To ensure that the resulting SAM and/or BAM files of aDNA sequences are processed appropriately, we developed an improved duplicate removal method called DeDup, which is integrated in the pipeline, too. As aDNA samples often show very low amounts of endogenous DNA, enrichment and amplification methods are often used to increase the number of DNA reads retrieved from the given DNA fragments [2, 3]. Unfortunately, these methods increase the number of sequencing duplicates stemming from the same fragments. Since the coverage of specific genomic loci is important for downstream analysis, the statistics of the respective loci, such as duplicates, can convey a false-positive trust in a specific region that might only result from a high number of duplicate entries. This is undesired, and therefore in silico methods are utilized to remove duplicated sequencing reads. Several methods to achieve this have been proposed, with the most prominently used being rmdup in SAMtools [5]. This method works well on regular paired-end sequencing data, where the 3 end of the forward reads and 5 end of the reverse reads are known. Since rmdup only considers the 5 positions of the respective reads, the assumption regarding equal 3 ends fails for merged paired-end reads, where the 3 end is not known in advance. Thus, the method may also remove reads that stem from different fragments. To compensate for this, the DeDup method has been implemented following a principle described by Green et al. [9], which considers both the 5 and the 3 positions of the respective reads and thus, keeps merged reads that have different lengths (see Fig. 3). When two reads are mapped to the same start and end positions, the read with the higher sum of base qualities is kept, whereas the read with the inferior sum of base qualities is discarded accordingly. For unmerged reads, the method performs the same duplicate removal procedure as the SAMtools rmdup method for single-end reads.
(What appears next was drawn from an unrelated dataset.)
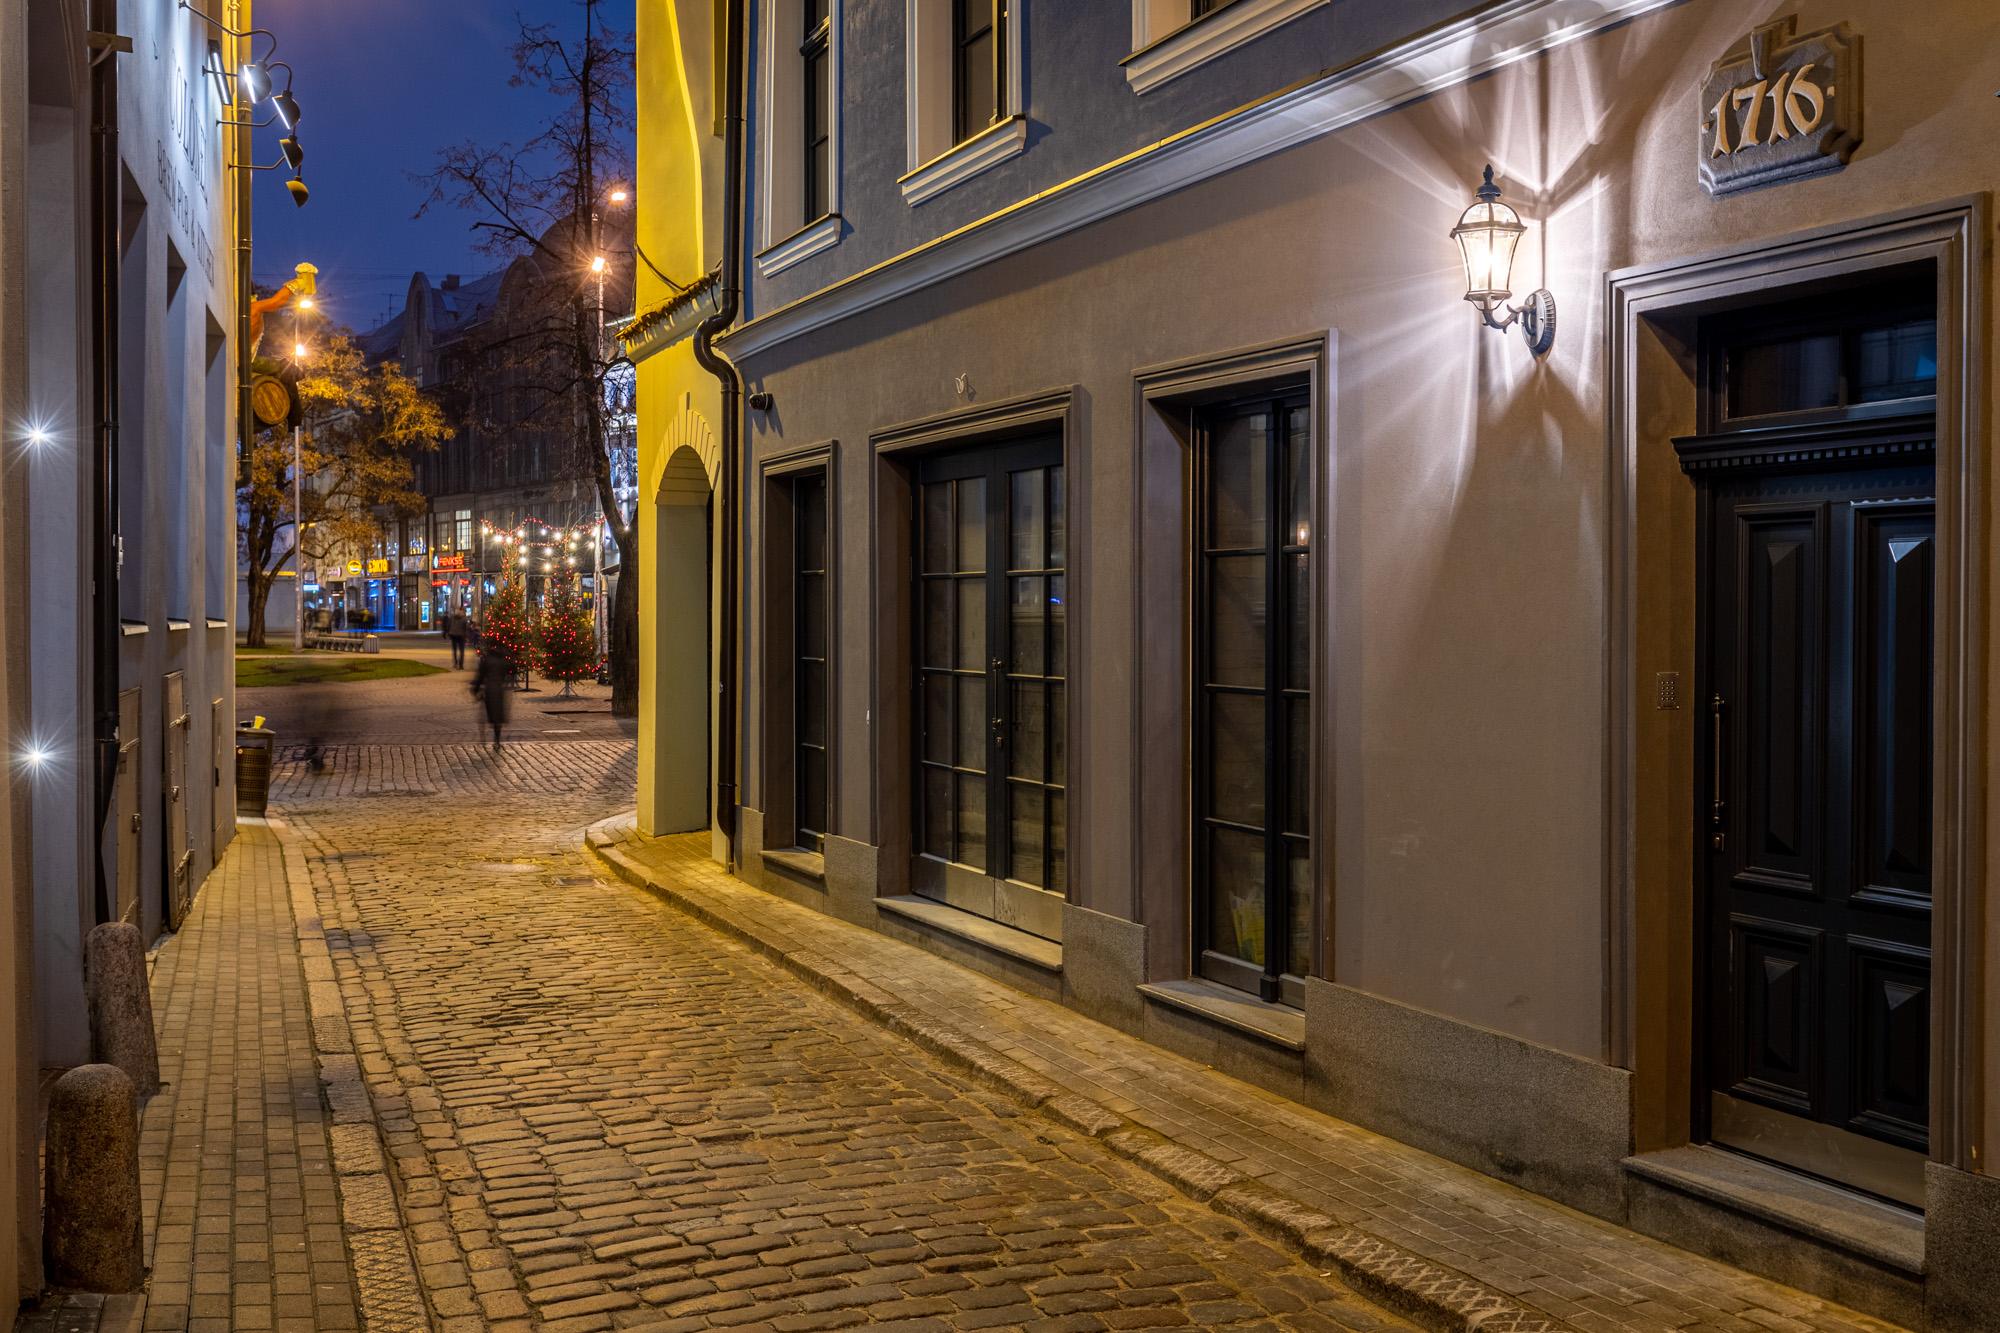 Retail premises for sale, Laipu street - Image 1

DeDup has been optimized to work correctly on single-end data as well as (partially) merged paired-end data with negative insert sizes or collapsed reads. For paired-end data with positive insert sizes, as for typical modern data, the EAGER pipeline features the MarkDuplicates method from the Picard toolkit to enable paired-end de-duplication for non-merged data, too. Finally, the method QualiMap [28], which reviews the overall mapping results, has been made accessible in the pipeline.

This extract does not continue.